SureWest Back On Overbuild


After spending months straightening out the messy records of the bankrupt WINfirst cable operation in Sacramento, Calif., buyer SureWest Communications is back on track with its competitive overbuild of Comcast Corp.'s system.

The 90-year-old telephone provider recently gained approval to expand into suburban Elk Grove, one of Sacramento County's fastest-growing areas.
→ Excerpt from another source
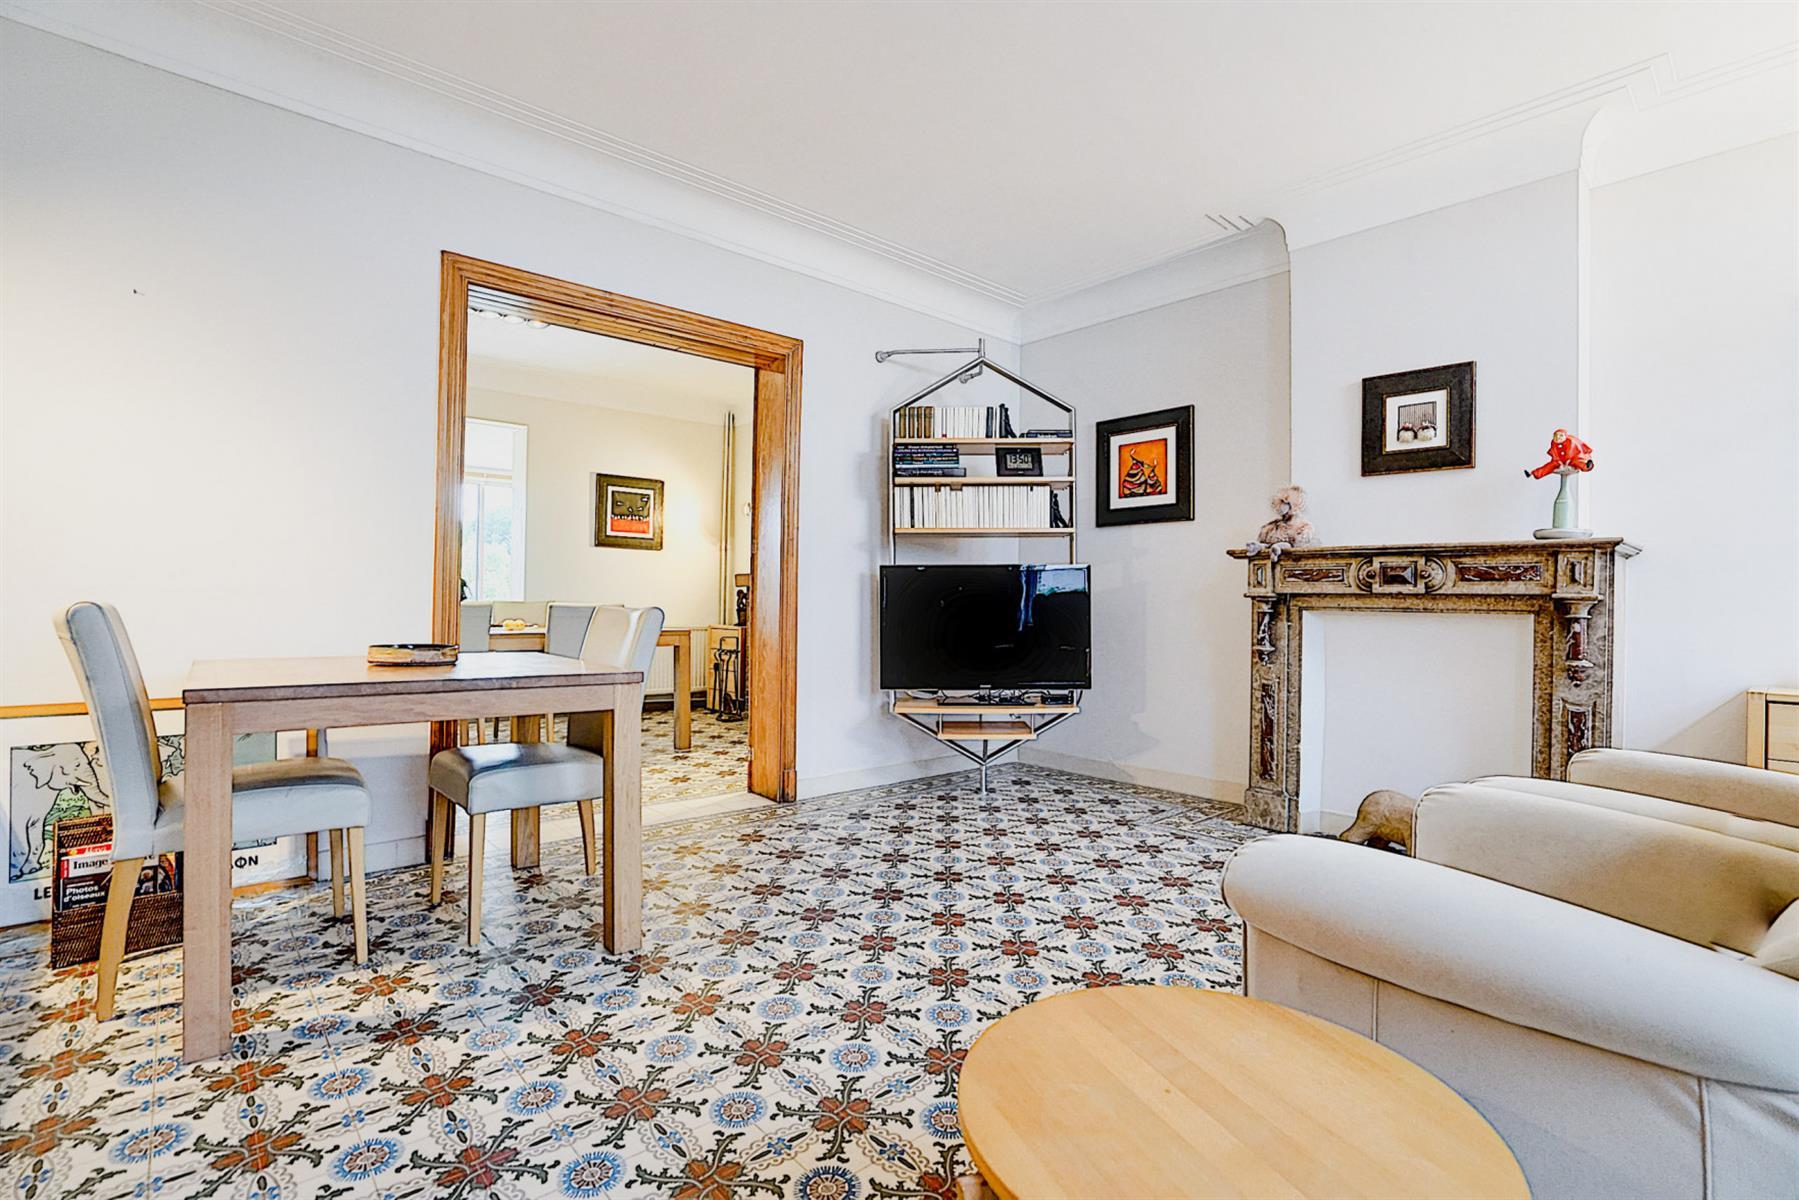 Maison - Bousval - #4395358-6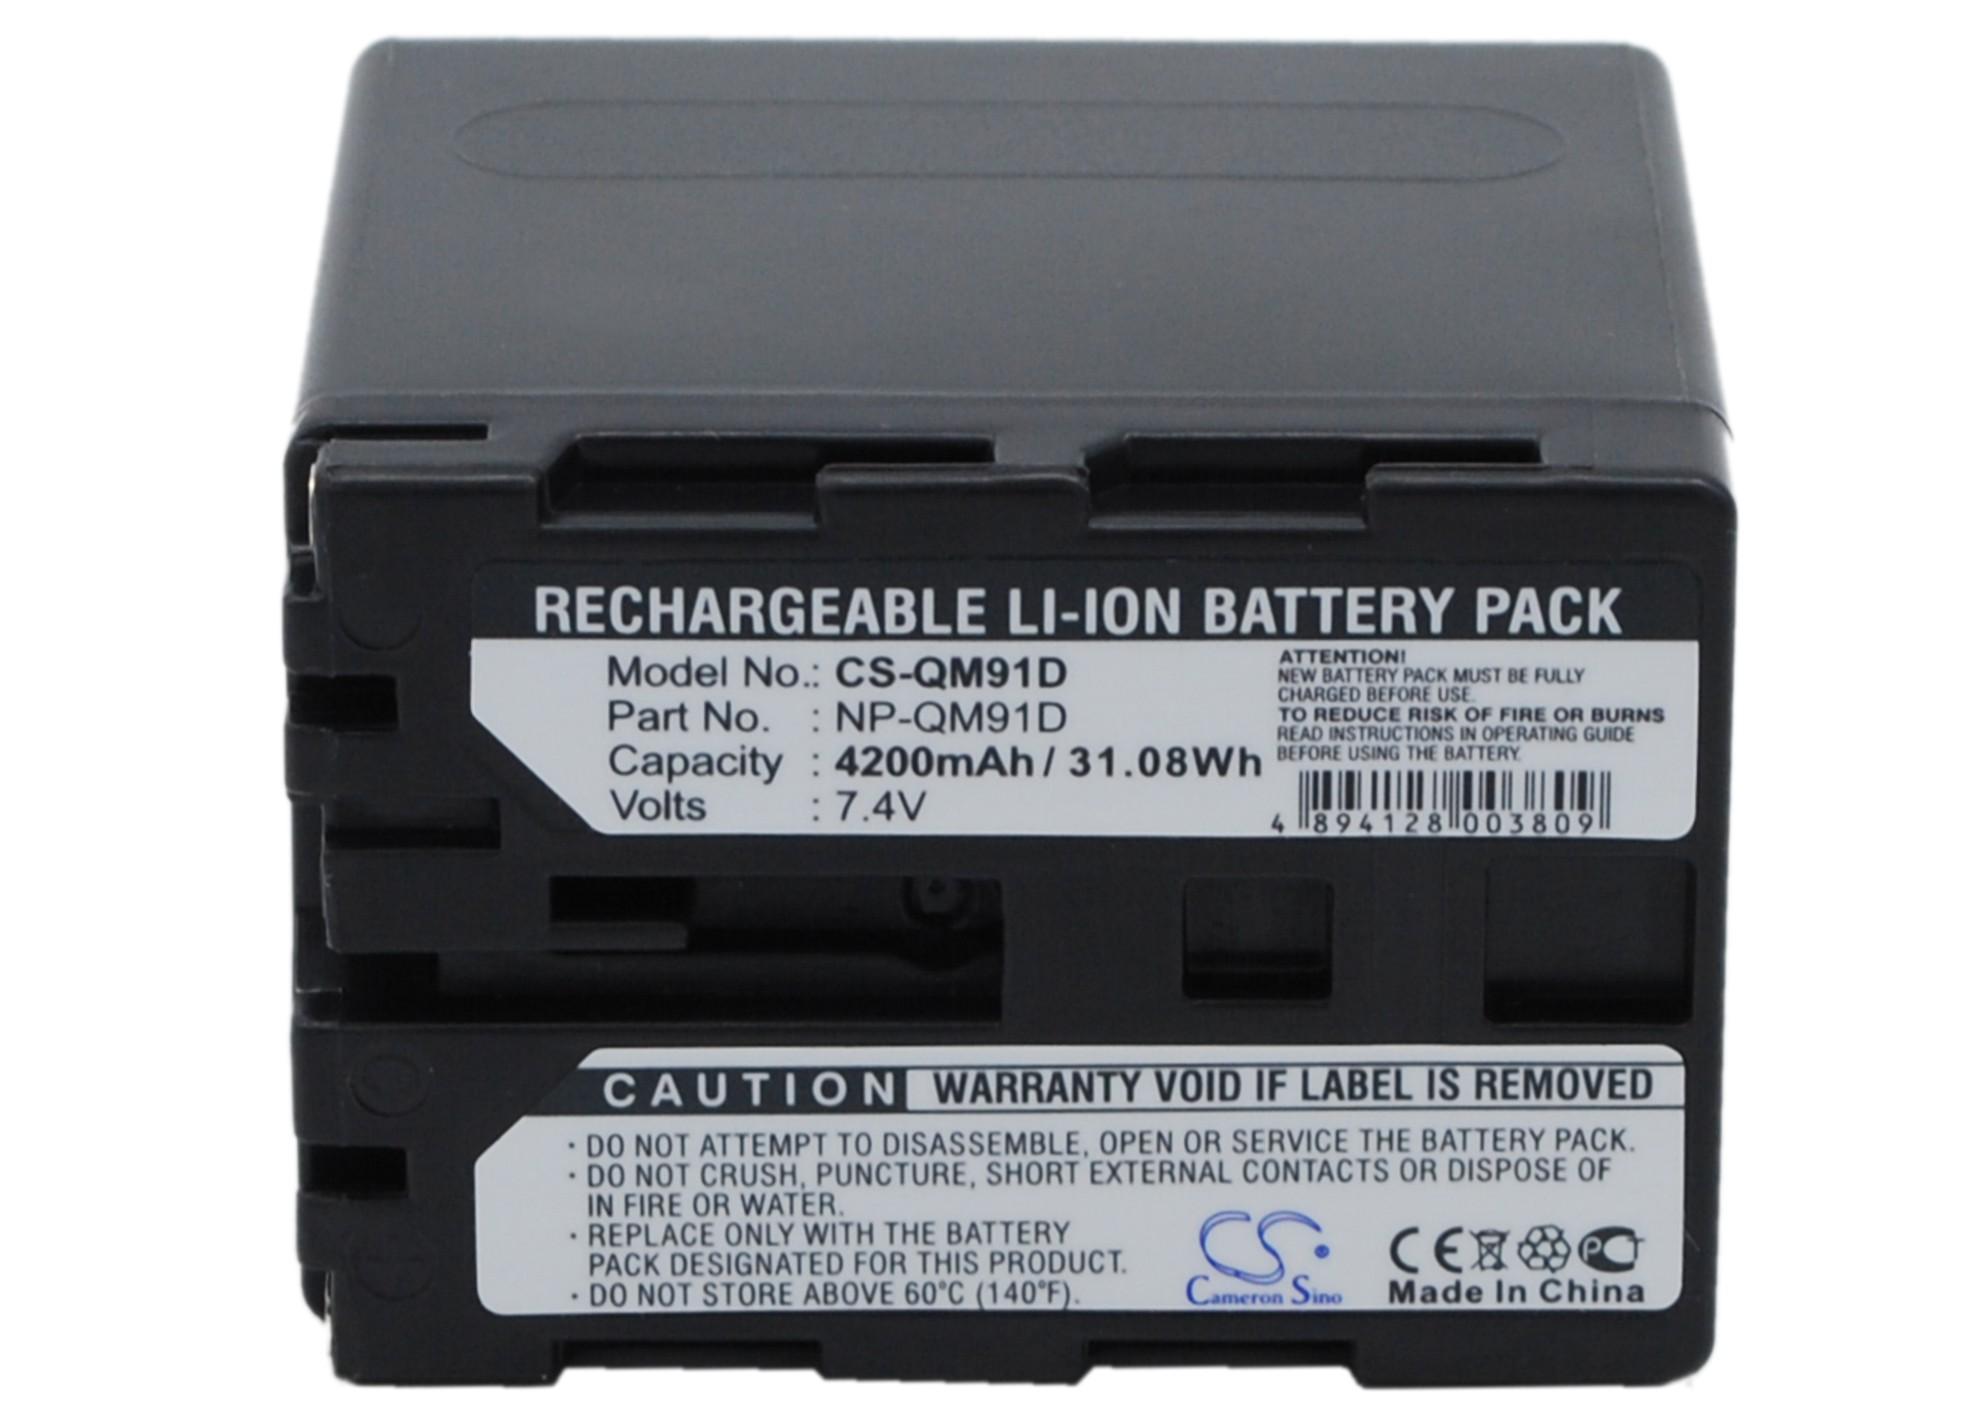 Cameron Sino baterie do kamer a fotoaparátů pro SONY DCR-TRV265E 7.4V Li-ion 4200mAh tmavě šedá - neoriginální

That phase involves 45,000 homes.

But before SureWest can start work on phase three, it must activate 25% of the homes in the previous phase, which covers the central county from north to south.

There are 100,000 homes in the first two phases of the SureWest franchise.

Strict guidelines

Sacramento County has strict buildout guidelines based on ethnic and economic diversity, to ensure the overbuilder does not cherry-pick the most affluent areas while leaving depressed neighborhoods until the end of the construction schedule.

SureWest expanded into cable in July 2002, when it bought the Sacramento system for $12 million from Western Integrated Networks LLC (which does business as WINfirst). According to reports from last October, SureWest served 5,300 cable subscribers, 85% of which took three or more services.

"There were a lot of issues left behind," said SureWest Broadband senior vice president and chief operating officer Fred Arcuri, including architectural drawings that did not match the physical plant, and a "frightening number" of "gigs" — gaffes in plant placement that the county had cited for correction.

SureWest returned to the overbuild in January 2003, and found a very challenging physical environment.

In just one neighborhood, crews were confronted with above-ground plant that required replacement, greenfield construction and trenching work.

200 subs a week

Despite this, SureWest has added 12,000 homes passed since March, Arcuri said. The company is averaging a gross of 200 subscribers a week.

The most popular bundle offered over SureWest's fiber-to-the-home plant includes 260 cable channels, a 10 megabit-per-second Internet connection and local and long-distance telephone service with such popular calling features as voice mail and call waiting.

The package, called "Triple Play," costs $99.95. The most aggressively priced packages undercut those offered by competitors such as Verizon Communications Inc. and Comcast by 20%, Arcuri said.

SureWest is considering expansion into video delivery over its copper twisted-pair plant.

"We're going to leverage our technology wherever we can," he said. The company is in negotiations with Roseville for a cable franchise that would utilize extant telephony plant, according to Arcuri. There is no specific timeframe for that project.

A number of gated communities and apartment complexes want to attract SureWest into their developments. Cities with dark fiber, or those that are considering fiber-optics installation, have also contacted the company, Arcuri said.

County officials are pleased. SureWest is to complete Phase A (Natomas, Carmichael, and Arden) by December 2004, and appears to be a year ahead of schedule, said Rich Esposto, executive director of the Sacramento Metropolitan Cable Television Commission.